According to Oliver Sanchez of Stone Bridge Ventures, the recent cash burn of Kelso Technologies (TSE: KLS) is not something that investors should be concerned about. While it is not uncommon for most people to invest in riskier or unprofitable businesses, it can make for a good investment in the long term. In fact, a popular investment strategy is to find unprofitable businesses and invest in them for the long term.
So even though it is not as profitable as other assets in your portfolio, it could eventually turn a profit. A good example to look at is Amazon, which was notoriously unprofitable during its initial years. But those who played the long game were able to see a major profit.
Is Kelso Technologies Going to Run Out of Money?
Despite the company’s need for cash, they have managed to reduce their cash burning by 99% over the past year. This lack of burns shows a lot of promise to all of the investors who want to invest since it can even improve its revenue growth by upwards of 14%. Overall, its growth is showing a lot of promise, even at a cursory glance.
According to findings by Stone Bridge Ventures senior account manager Oliver Sanchez, recent market information shows that the company is slowly building itself up for the long run. It also helps that the company is being very careful with its cash burns and how much debt it takes on. While the company did have a total of US$ 2.6 million by March 2023, it also had no debts. In the months leading up to March 2023, the company had only burnt US$ 25k, which means that it still has plenty left in the tank in case it needs more cash.

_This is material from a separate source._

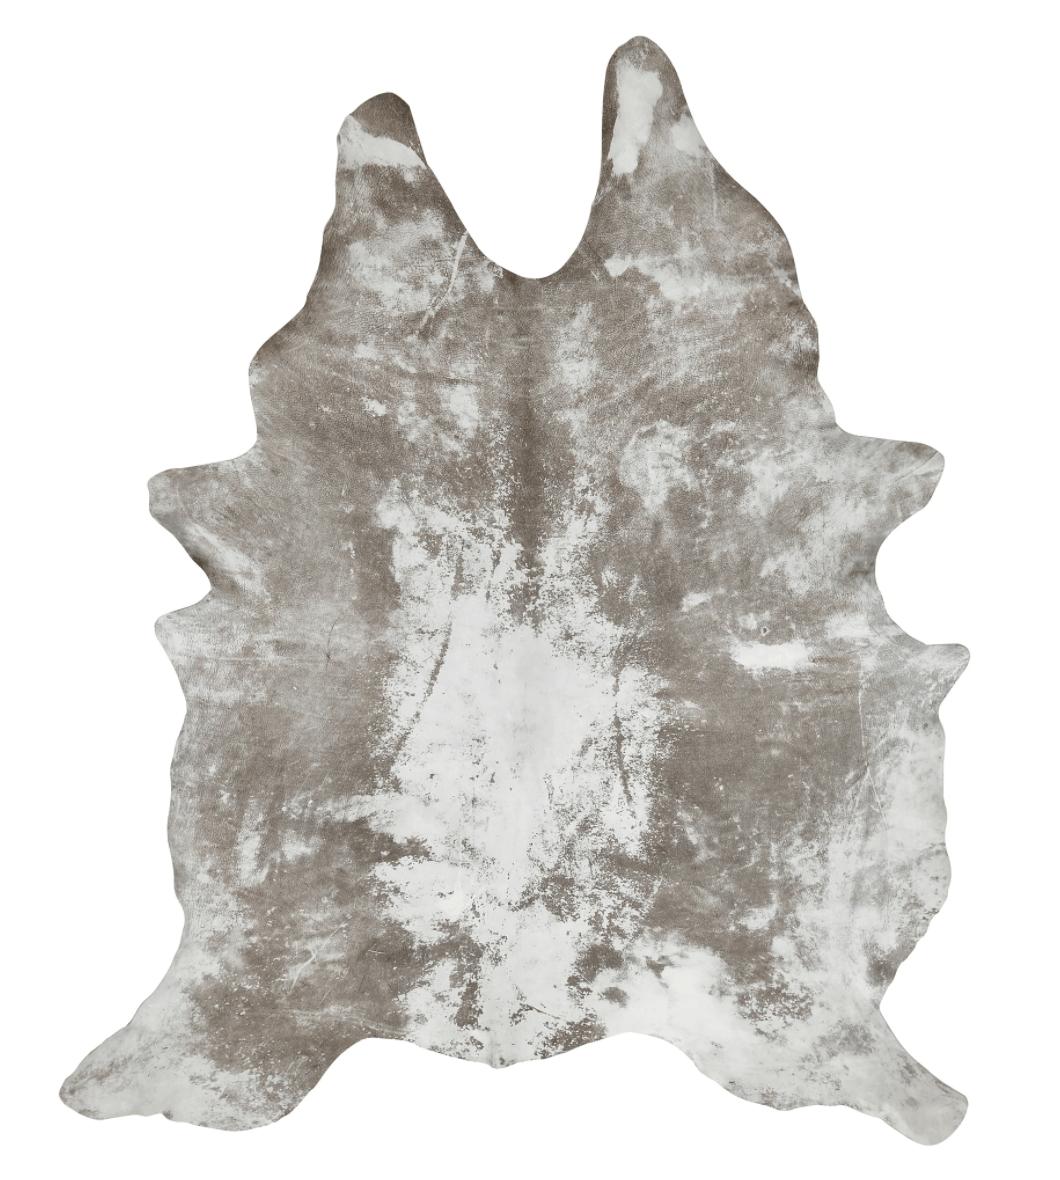 ikea-rugs-2020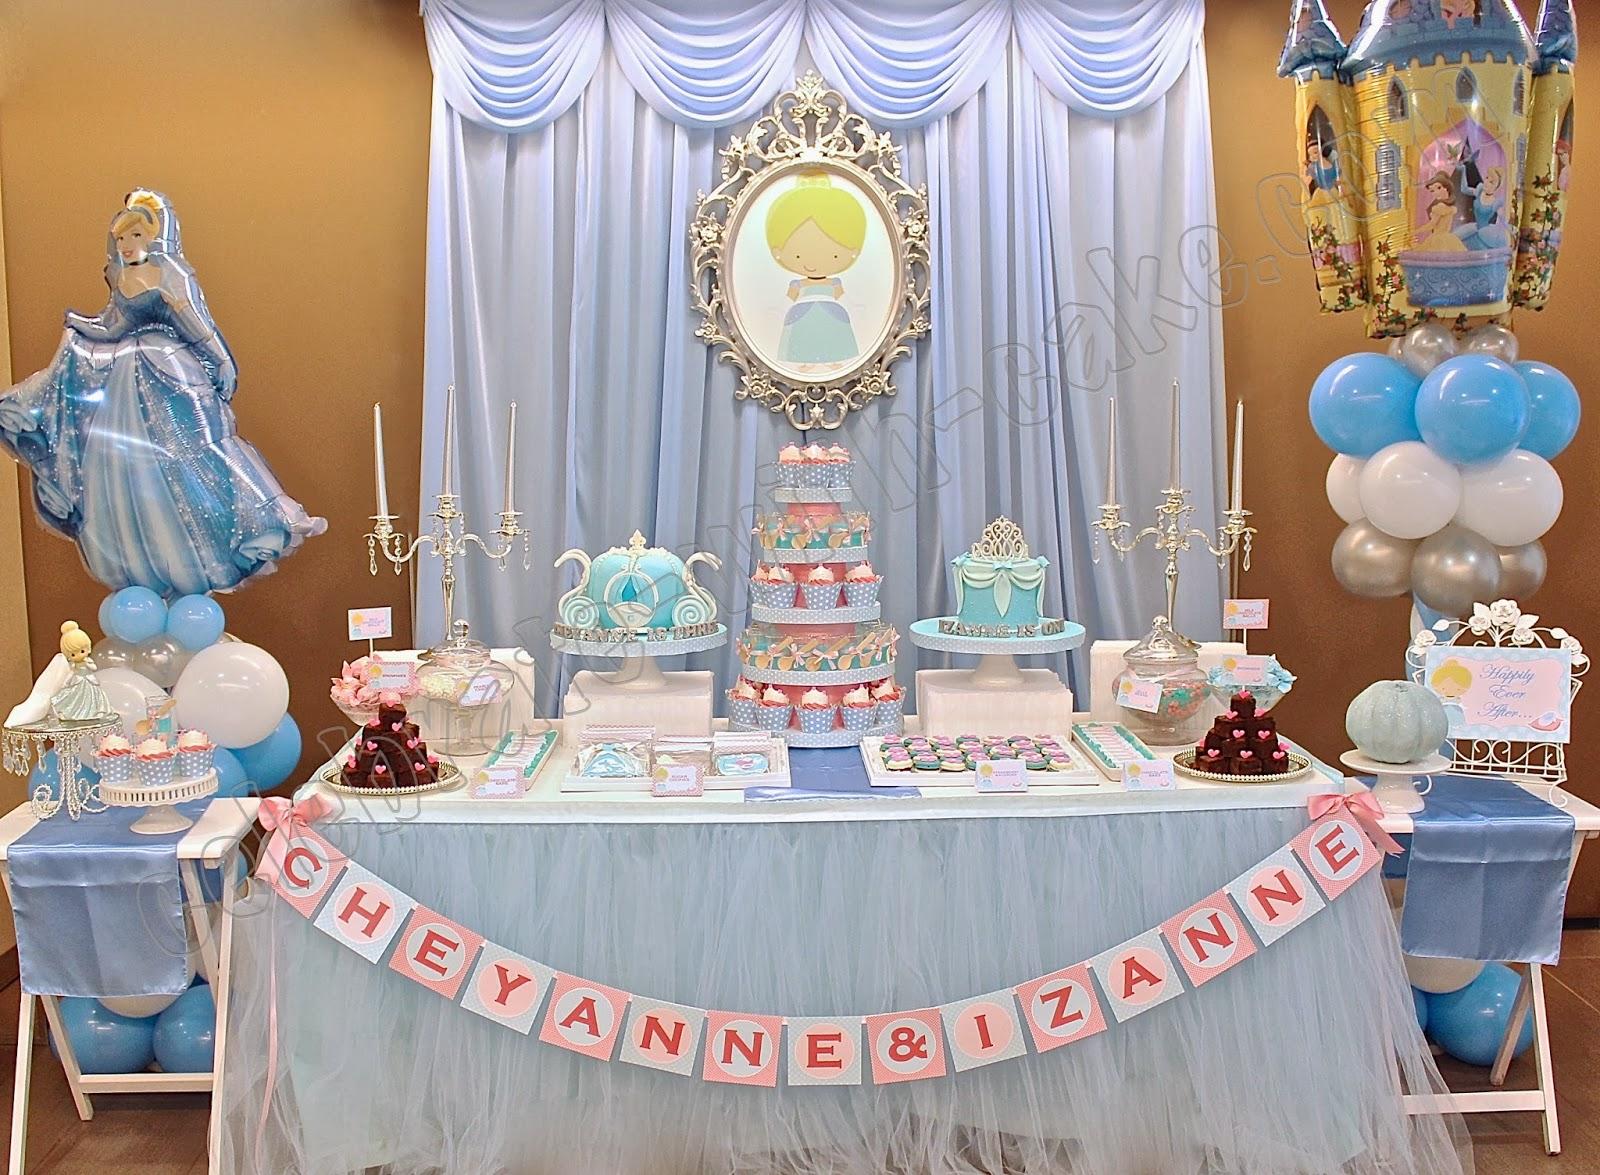 Celebrate with cake cinderella dessert table click post for La table a dessert

Will Kelso Technologies Easily Raise More Money?
Kelso Technologies have a lot of cash left over from their shareholder’s equity, which means that they will not be running out of cash any time soon. However, would they struggle when trying to generate more cash for their business?
According to Oliver Sanchez at Stone Bridge Ventures, despite the incredible progress that Kelso continues to show investors, it is still not in a position where it could easily generate funds for growth. Companies often generate cash in two major ways. They could either sell new shares for cash and use that to fuel growth or take on debt. Of course, the company is not looking to take on debt, but it might not be in the best position to burn cash, either.
Considering that the company’s total market capitalization is US$ 21m, it has only burnt through US$ 25k, which is only 0.1% of its market cap. Therefore, it can still sell plenty of its shares to fund its growth without having to worry about losing control. It is also in a unique position to borrow money but could pay slightly higher interest rates.
To conclude, Stone Bridge Ventures senior account manager Oliver Sanchez believes that Kelso is in a unique position of growth, and traders do not have to worry about the company burning its cash.